= Frederick Fasehun =

Frederick Isiotan Fasehun (Frederick Ìsìòtán Fáàséhùn; 21 September 1935 – 1 December 2018) was a Nigerian medical doctor, hotel owner and leader of the Oodua Peoples Congress (OPC).

==Education and medical career==
He studied science at Blackburn College and furthered his education at Aberdeen University College of Medicine. He also studied at the Liverpool Postgraduate School after which he had a Fellowship at the Royal College of Surgeons.
In 1976, he studied acupuncture in China under a joint World Health Organization and United Nations Development Scholarship Program.

==Politics==
In 1977, he set up an Acupuncture Unit at the Lagos University Teaching Hospital. He resigned in 1978 and immediately set up the Besthope Hospital and Acupuncture Centre in Lagos. The Acupuncture Centre once earned a reputation as Africa's first for the Chinese medical practice.

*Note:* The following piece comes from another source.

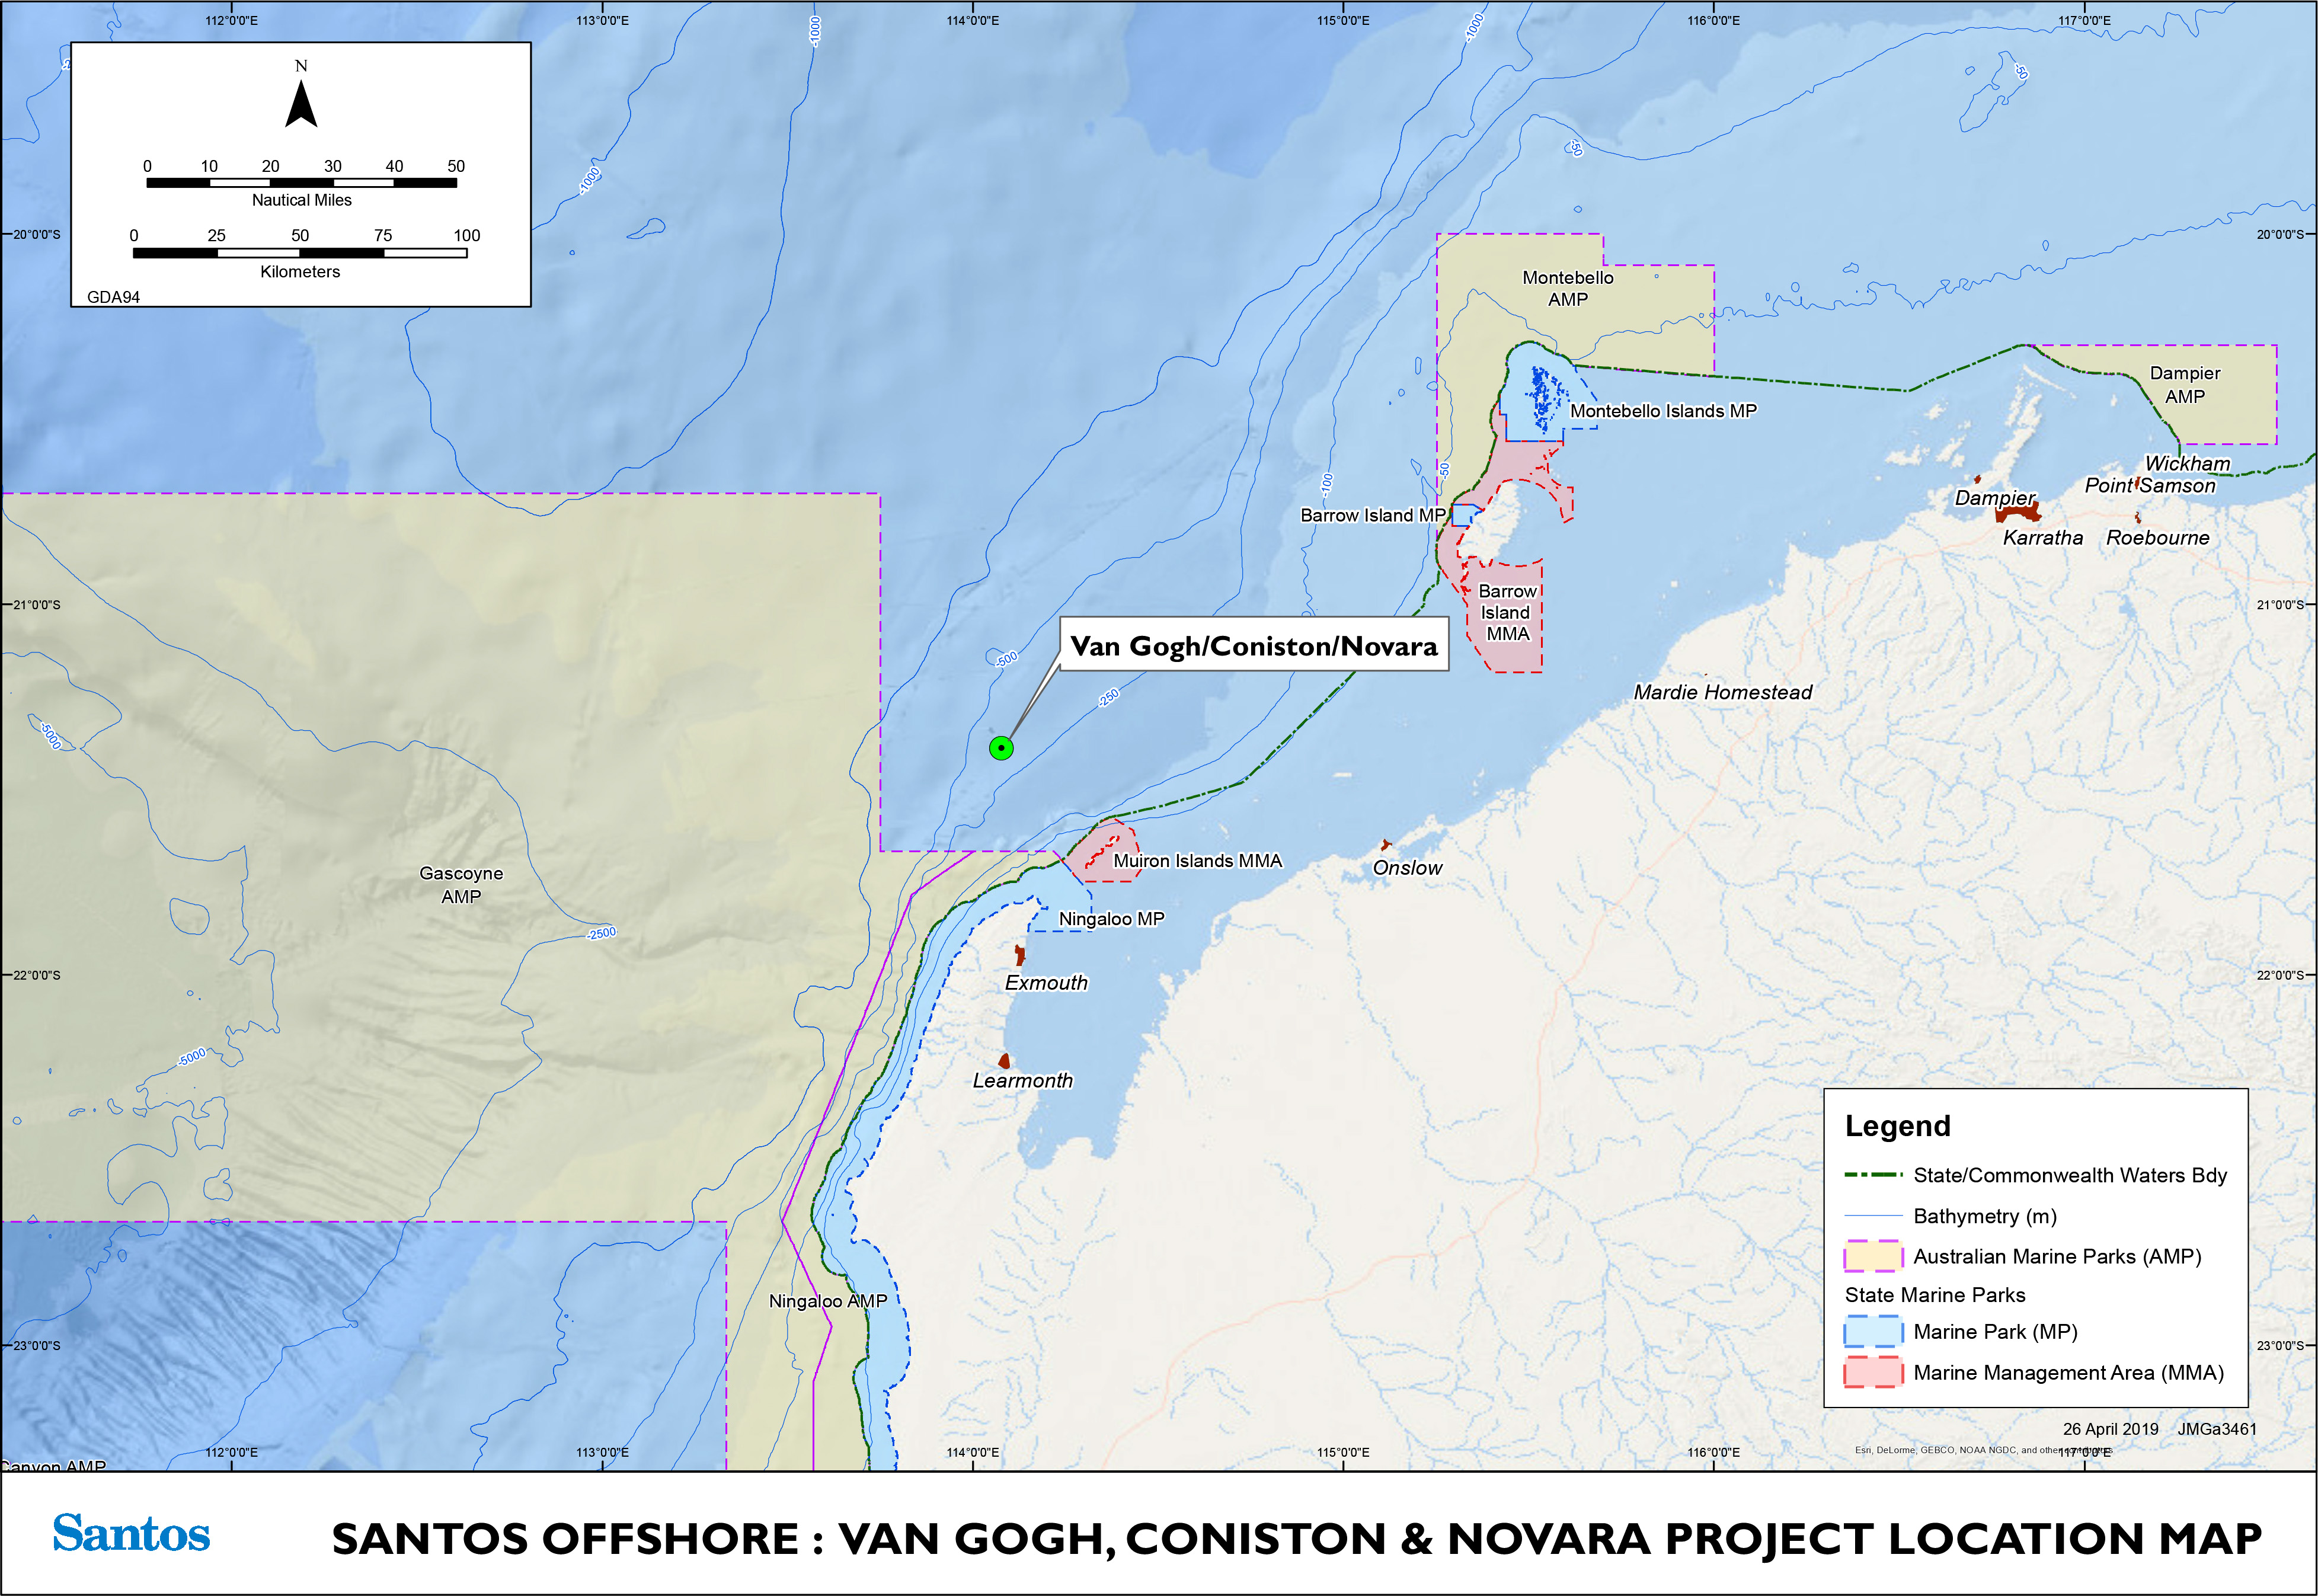 Project map - Van Gogh Coniston Novara Field Developments (refer to Description)

The OPC is Yoruba-based organization formed to actualize the annulled mandate of Chief Moshood Kashimawo Olawale Abiola, a Yoruba who won the presidential election of 12 June 1993 but was barred from office. Fasehun was imprisoned for 19 months from December 1996 to June 1998 during the military rule of Sani Abacha, only ending 18 days after Abacha's death.

He died in the intensive care unit of Lagos State University Teaching Hospital, Ikeja, Lagos.

== Death ==
He died on 1 December 2018.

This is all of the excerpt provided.